His method paid off. During his shamanic phase – from the moment he strode out to replace a concussed the senior batsman at Lord’s in 2019 to around the end of 2022 – Labuschagne somehow managed to see the game on another level. To tap into it – through absolute focus – on a elevated, strange, passionate tier. During his days playing English county cricket, fellow players saw him on the morning of a game positioned on a seat in a trance-like state, mentally rehearsing all balls of his batting stint. Per Cricviz, during the first few years of his career a statistically unfathomable proportion of catches were dropped off his bat. Remarkably Labuschagne had anticipated outcomes before others could react to change it.

Recent Challenges

It’s possible this was why his form started to decline the moment he reached the summit. There were no worlds left to visualise, just a unknown territory before his eyes. Additionally – he stopped trusting his cover drive, got stuck in his crease and seemed to forget where his off-stump was. But it’s part of the same issue. Meanwhile his coach, Neil D’Costa, believes a attention to shorter formats started to weaken assurance in his positioning. Good news: he’s now excluded from the ODI side.

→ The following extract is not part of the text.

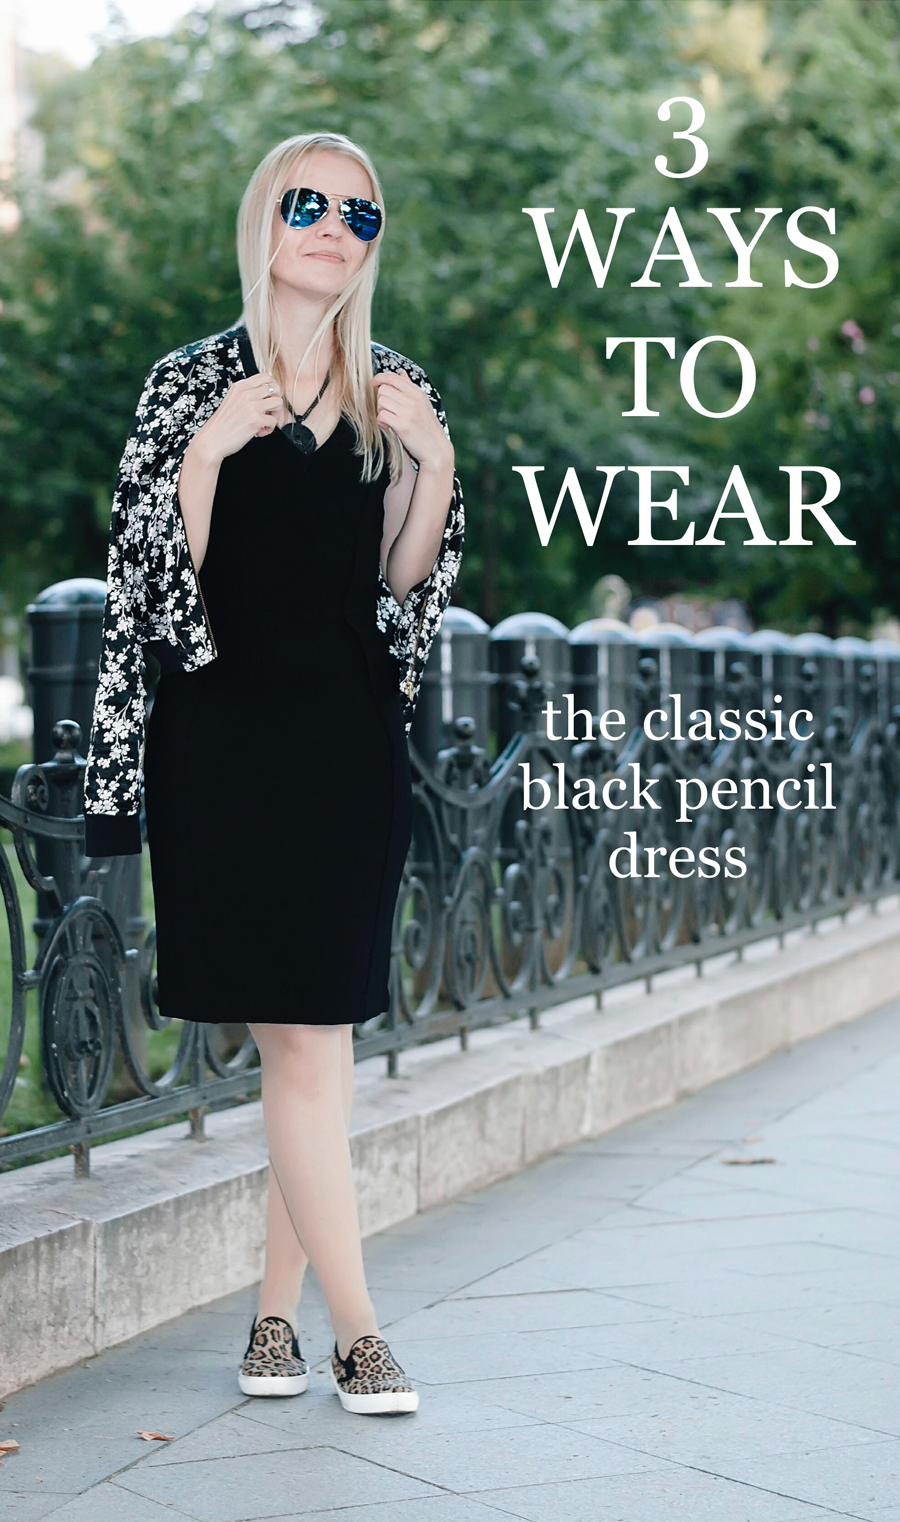 classic-black-pencil-dress-lbd-3-ways-wear-epic-street-style
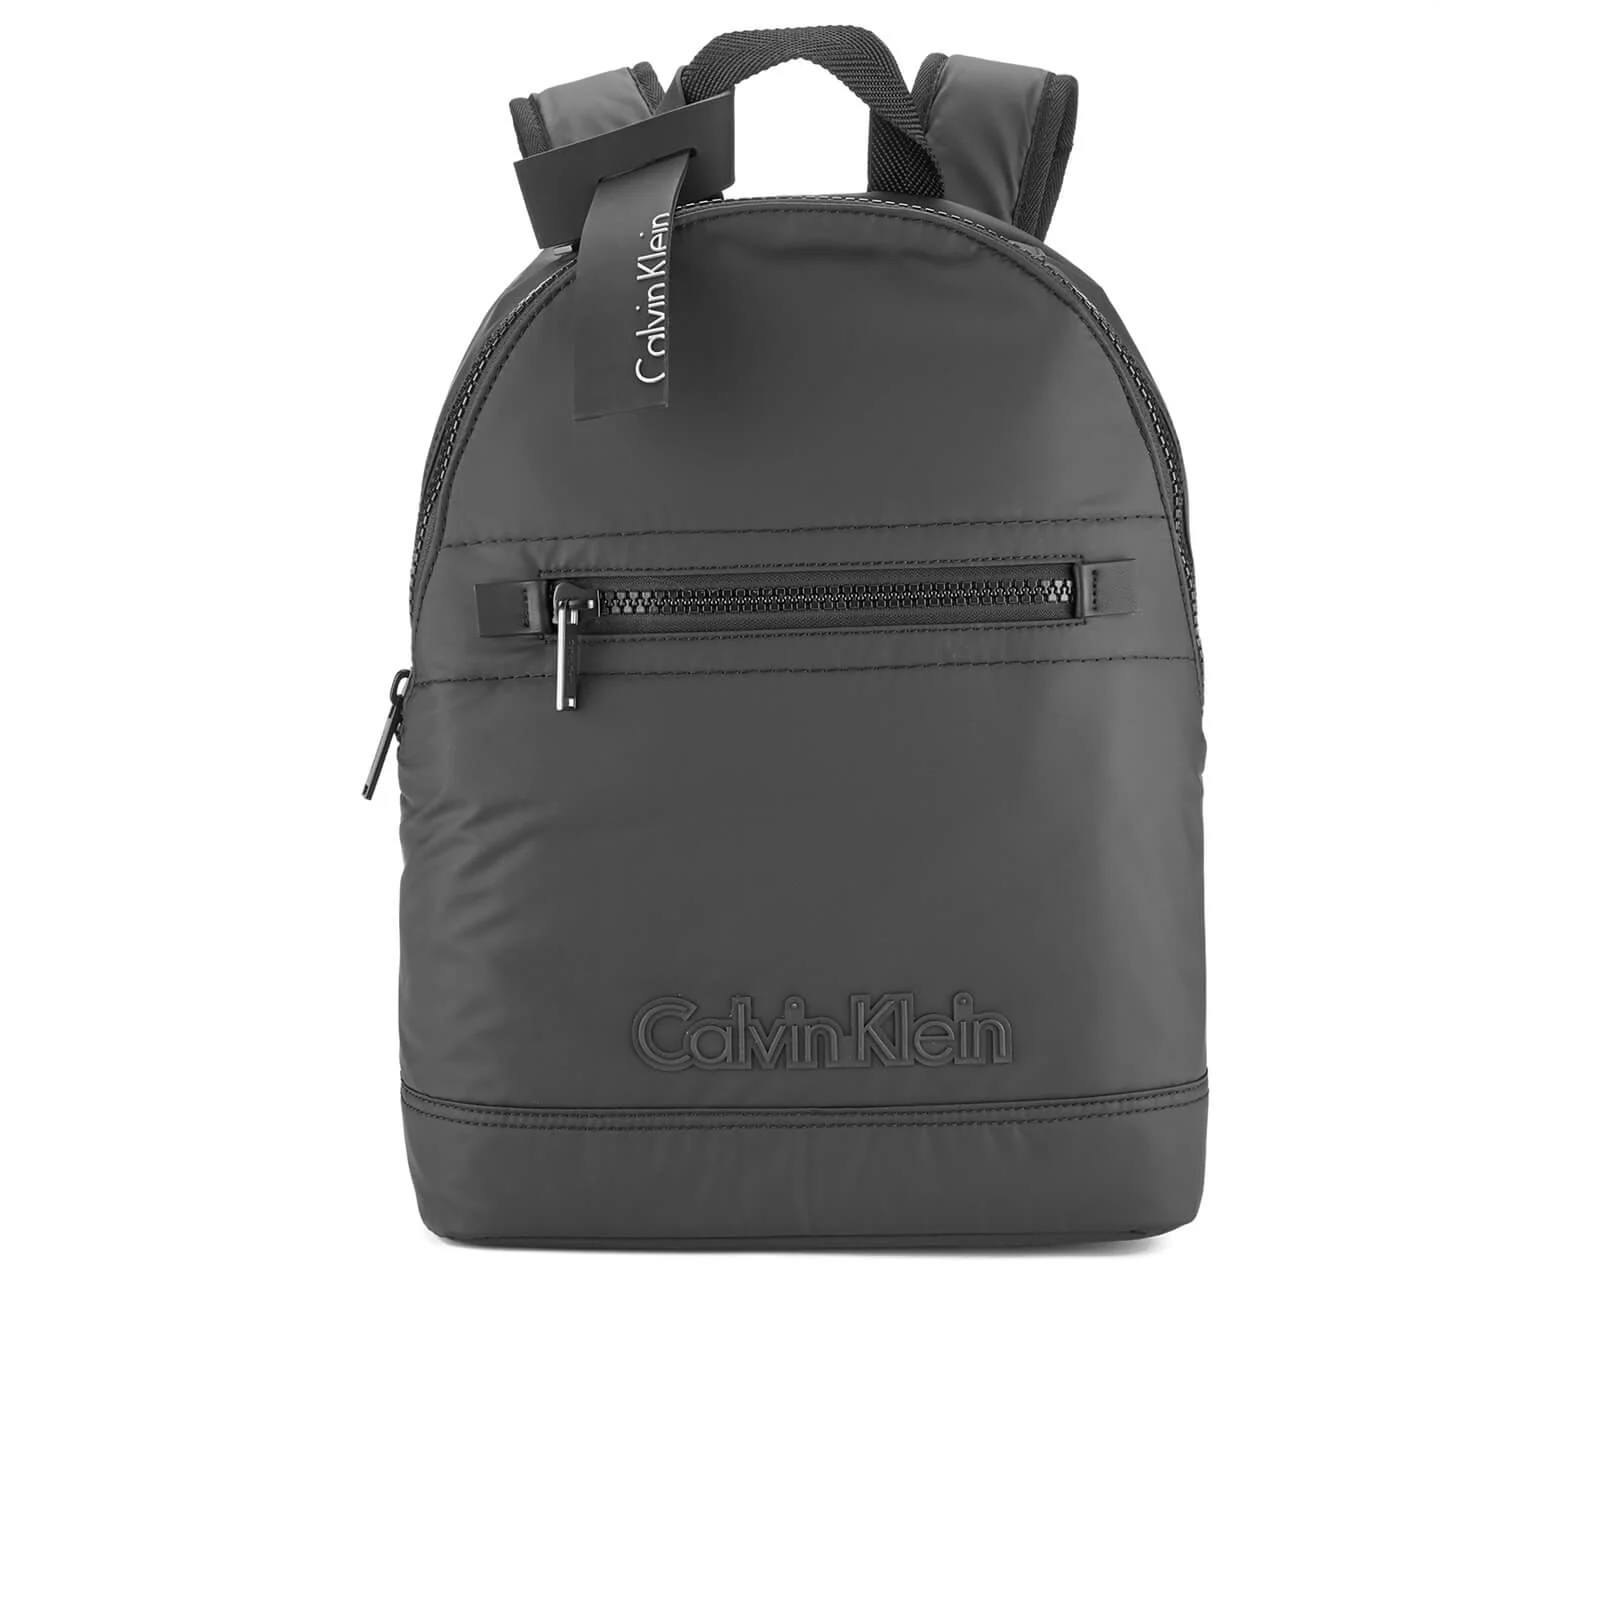 Calvin Klein Men's Metro Backpack - Black Image 1

No doubt it’s important, too, that Labuschagne is a devoutly religious individual, an religious believer who thinks that this is all predetermined, who thus sees his task as one of reaching this optimal zone, however enigmatic and inexplicable it may appear to the ordinary people.

This mindset, to my mind, has long been the main point of difference between him and Smith, a instinctive player

Erin Horton
Erin Horton

Elara is a passionate poet and creative writing coach, sharing her love for words and storytelling to inspire others.